### Assignment
All pictures are to be omitted while the lines starting at the line with "image shows a tree in front of an ocean" and ending at the line with "What Is Reinforcement?" in the material below are retyped exactly, both ends included.

### Data to process
- Opening Delimiter -
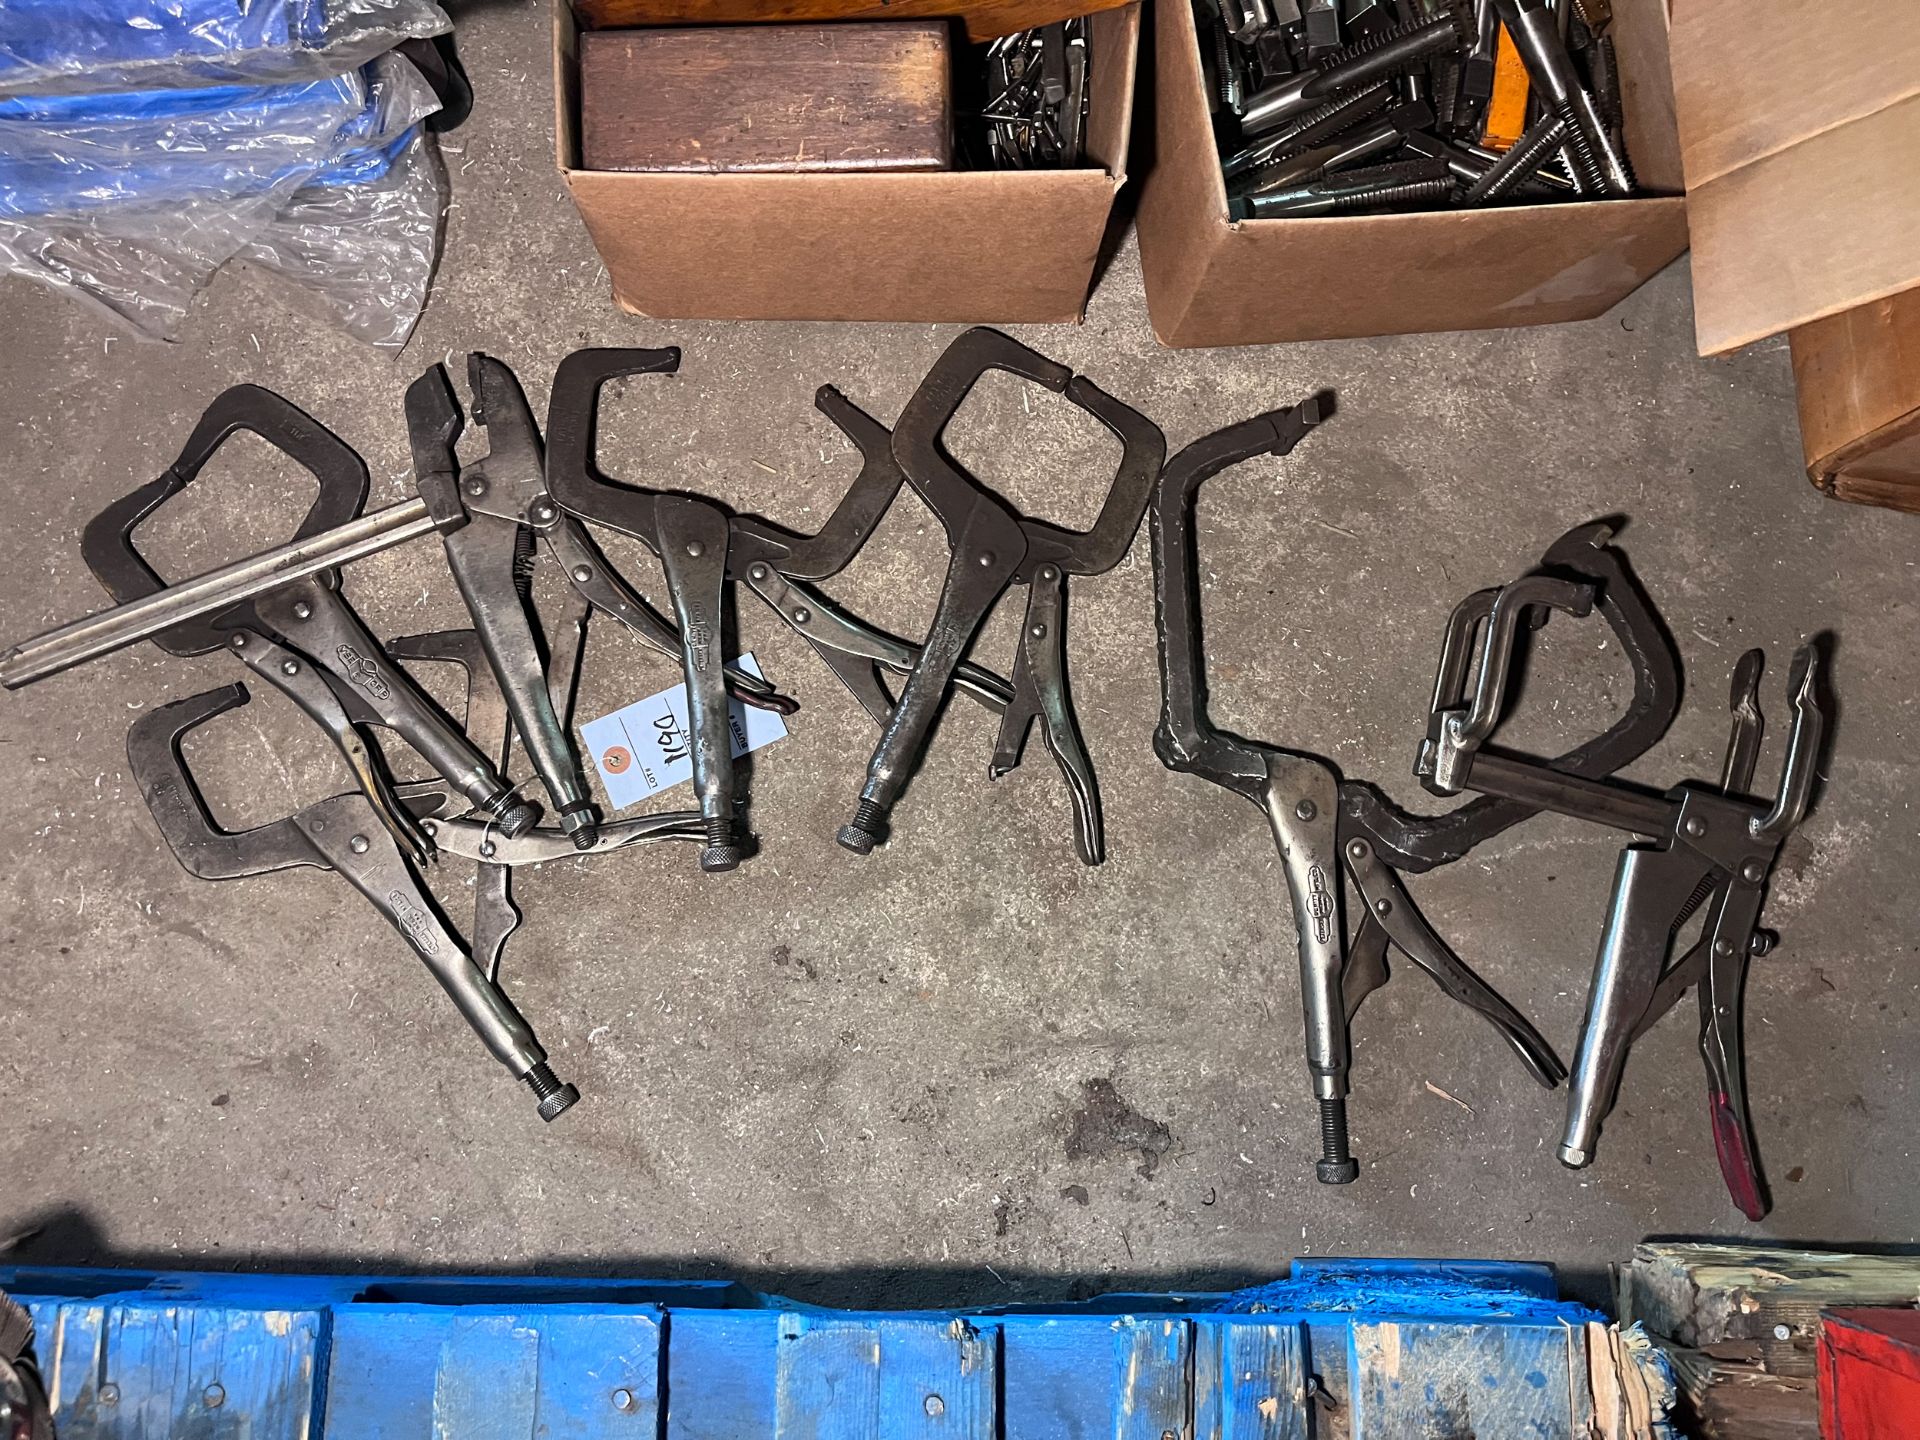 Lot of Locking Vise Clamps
- Closing Delimiter -
- Opening Delimiter -
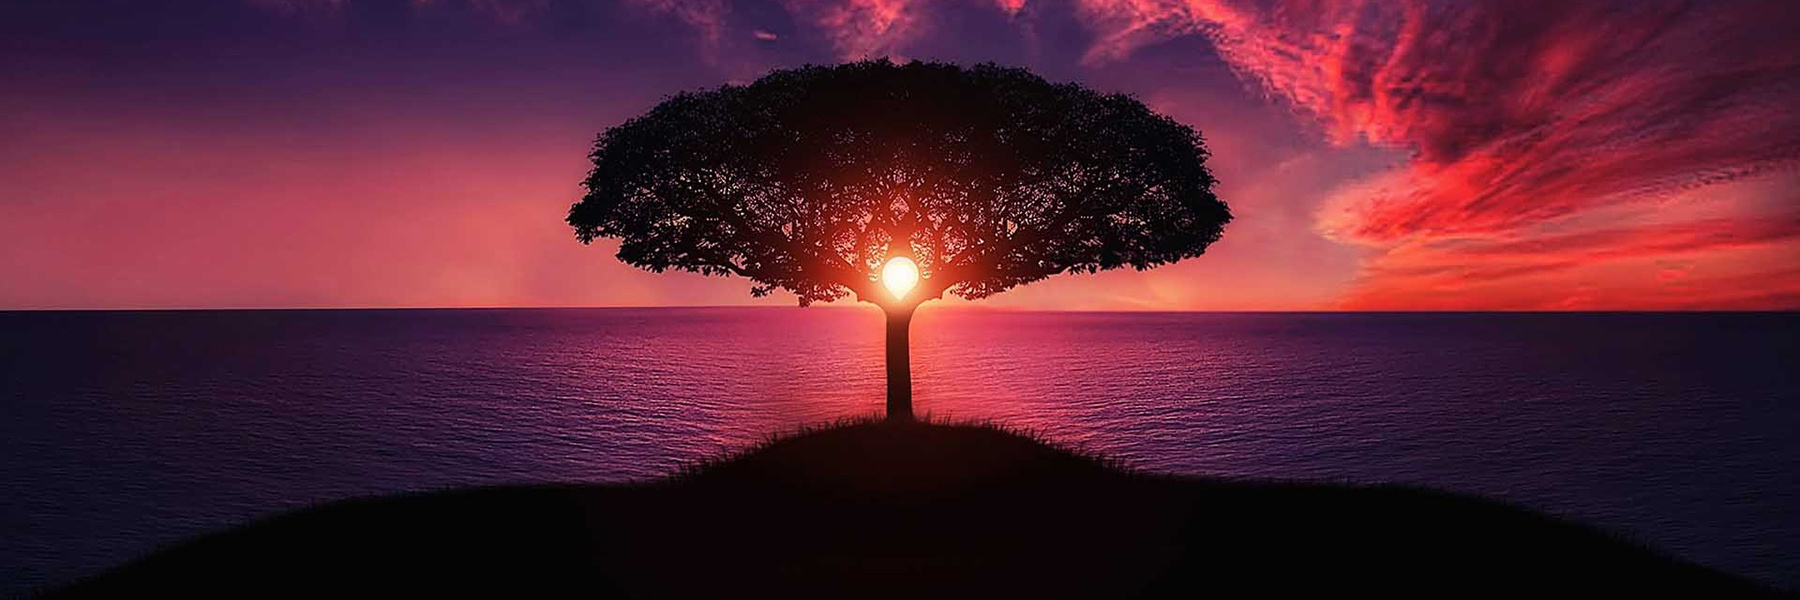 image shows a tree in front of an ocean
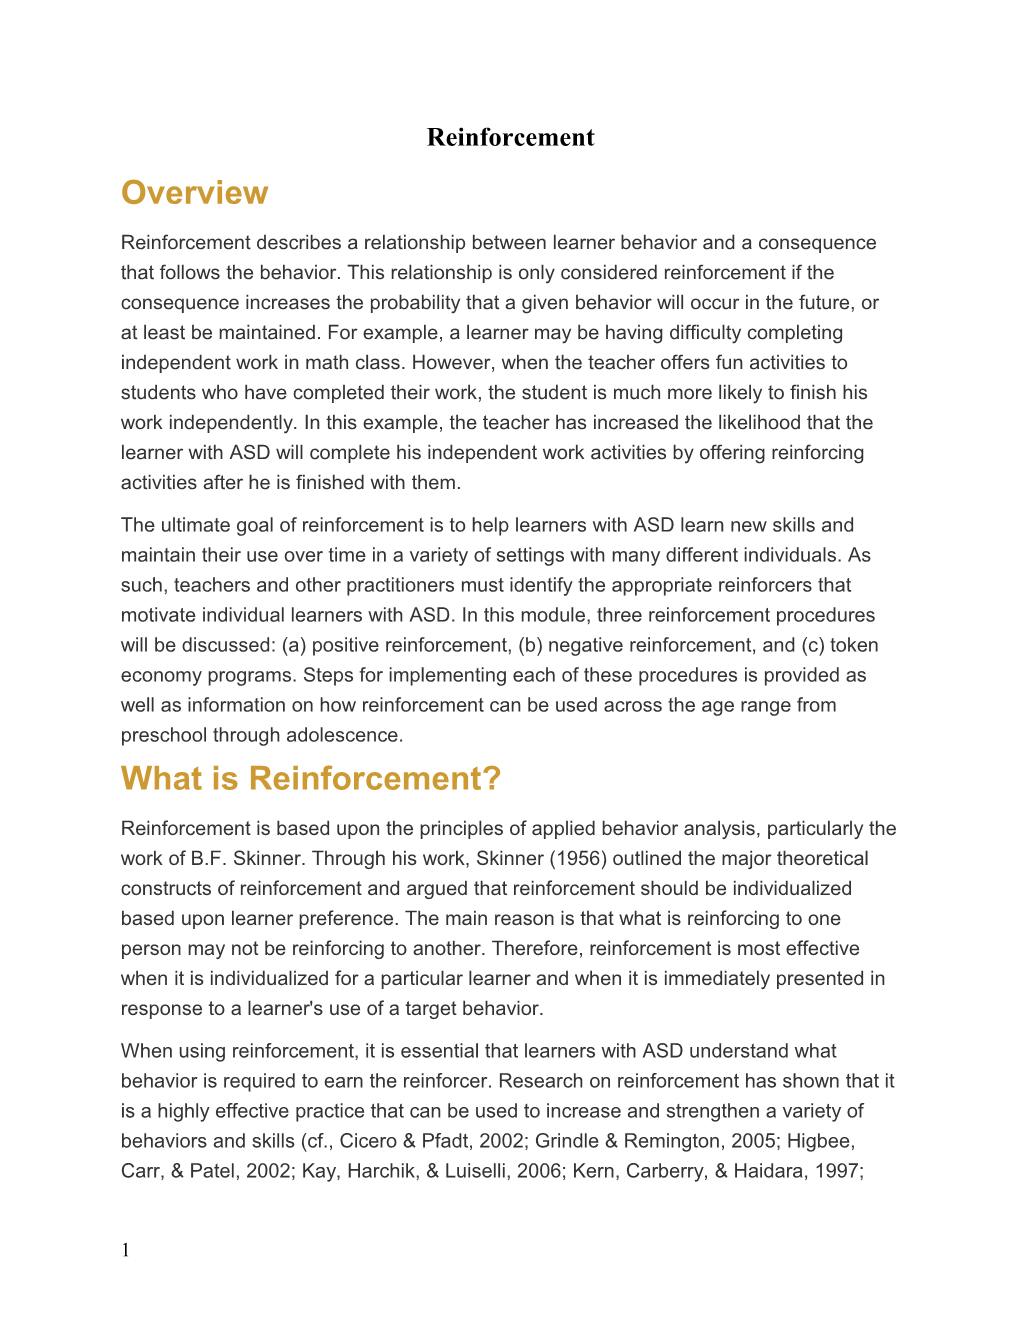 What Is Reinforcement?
- Closing Delimiter -
### Response to the task
 image shows a tree in front of an ocean
 What Is Reinforcement?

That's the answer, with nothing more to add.